Safety has always been thought of in very black and white terms.  There have only been two states; either 1) we’re totally safe and sound or 2) we’re in an emergency, in which case we should call the police or defend ourselves.

That way of thinking has held us back from feeling a sense of agency when it comes to acting in unsafe situations.  Why is that? If the bar for considering something an unsafe situation is that it’s already become an emergency, then we will think twice and question whether the situations we find ourselves in are really that bad and whether or not we should do something earlier on.  That means we anxiously wait before we act, trying to read all the signs, to see how things go and whether things get worse. Especially because politeness is something many women have been taught since we were young.

And how do you even determine the point at which an iffy situation has escalated to the point of becoming a bad or dangerous situation? When your only tools are calling 911 or using a weapon, we don’t want to guess wrong or accidentally misread the situation.  The stakes feel incredibly high if the only option you have is to escalate things: someone could get hurt, you might have to press charges, someone could get arrested, the story might become public, or it could impact your relationships with friends, coworkers, or family.

But sticking around (even while trying to downplay or avoid any conflict) in an iffy or uncomfortable situation can mean putting yourself in danger.  If the situation gets worse and escalates, it will get harder and harder to get yourself out as time goes on.

At Flare, we’ve talked to countless survivors of assault, and while no two situations were the same, most survivors we talked to said that they knew the person who assaulted them.  And almost all the survivors that we spoke to said they got a bad vibe or picked up on some bad verbal or physical body language at some point earlier on in the encounter, but that they didn’t know what to do.  They didn’t have a way to get themselves out of the situation that didn’t involve making a scene or escalating the situation. And they wish they had more tools in their tool kit.

That’s why Flare doesn’t see safety in black and white.  We aren’t simply safe or in an emergency. There’s a whole spectrum of time and experiences leading up to an emergency that are being ignored.  We understand that the energies everyone gives off and receives are colorful hidden signals that we can tap into to better recognize the positive energy that exists when you’re enjoying yourself and the negative energy of finding yourself in a potentially compromising situation.  We see safety as an aura of colors representing different warm and cold emotions that together act as a powerful and intuitive “sixth sense” that we all feel when it comes to our safety. Much like a mood ring.
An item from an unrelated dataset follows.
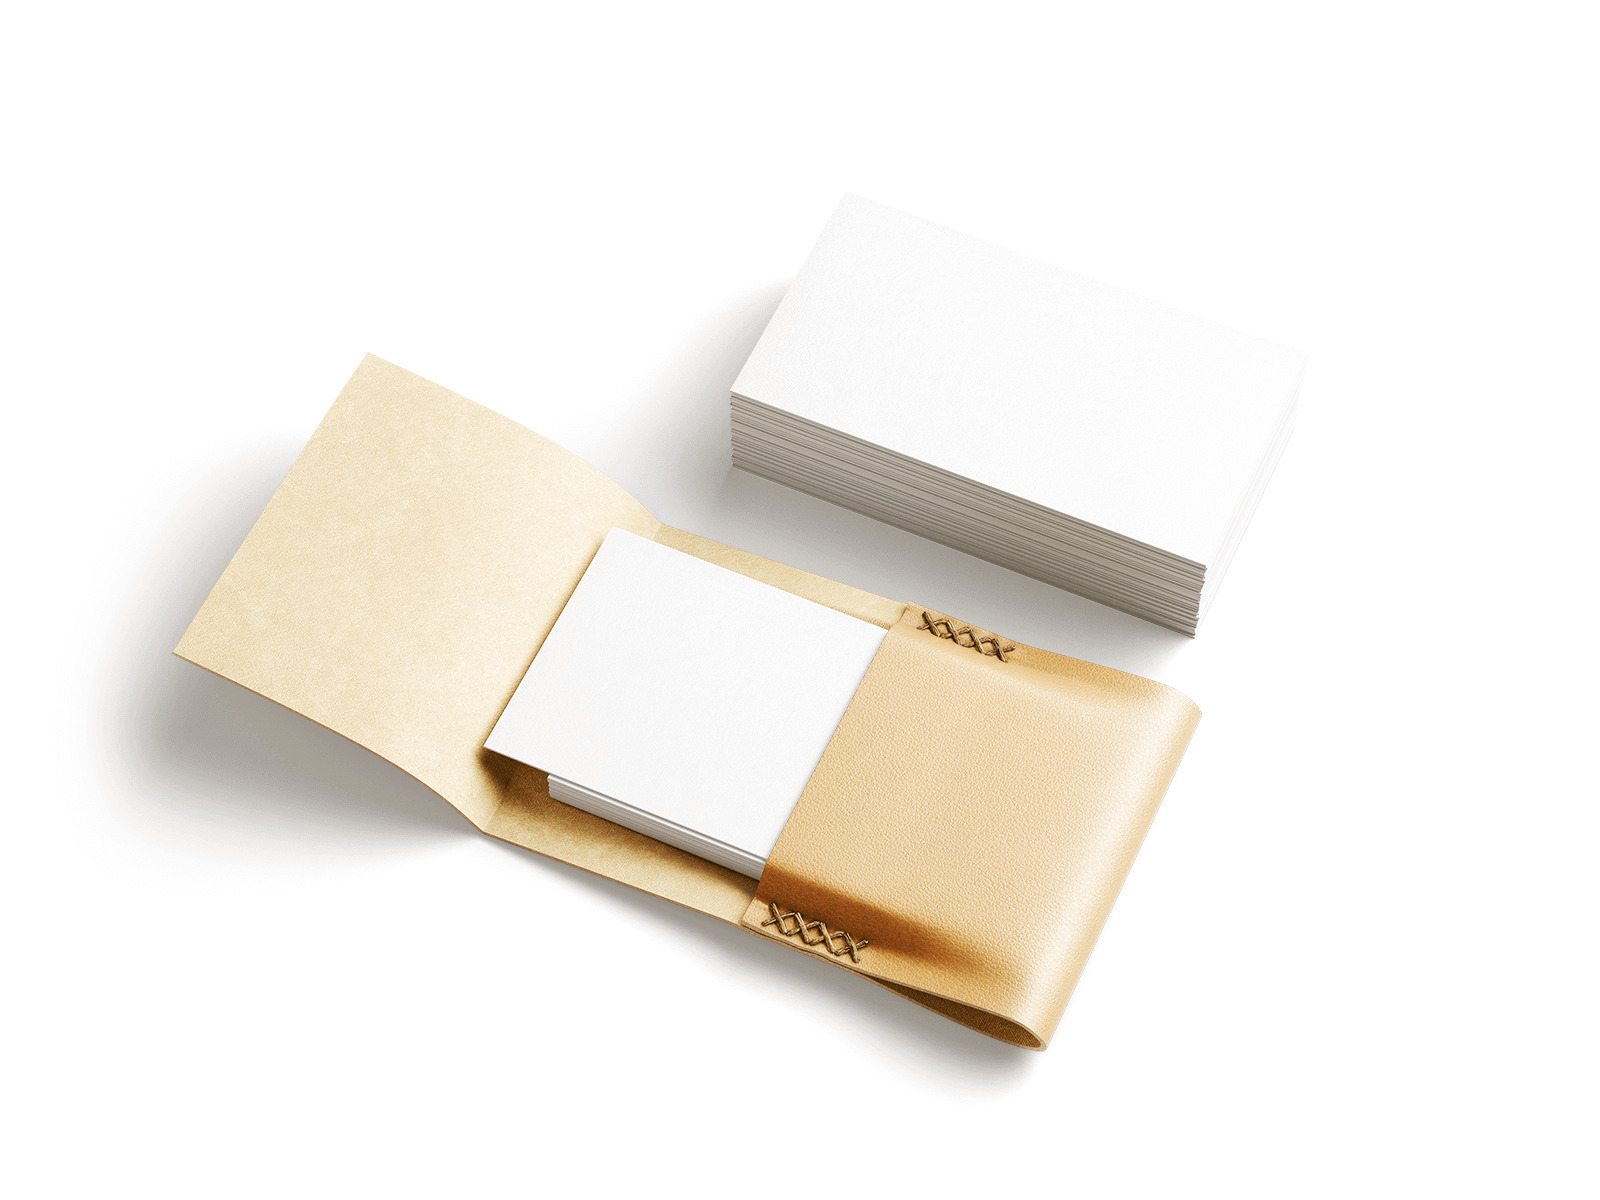 Free Leather Business Card Holder Mockup

We believe that the auras everyone perceives are different because we all feel more or less comfortable or compromised at different points in any given situation.

By redefining safety as a spectrum, we hope to host  a deeper conversation about the experiences that women and all people have on a regular basis.  This deeper conversation helps us design better tools to help people the moment they get that feeling in their gut and think that something seems off.  Because by helping people act on that intuition earlier, we can help people navigate through the world with more power and control.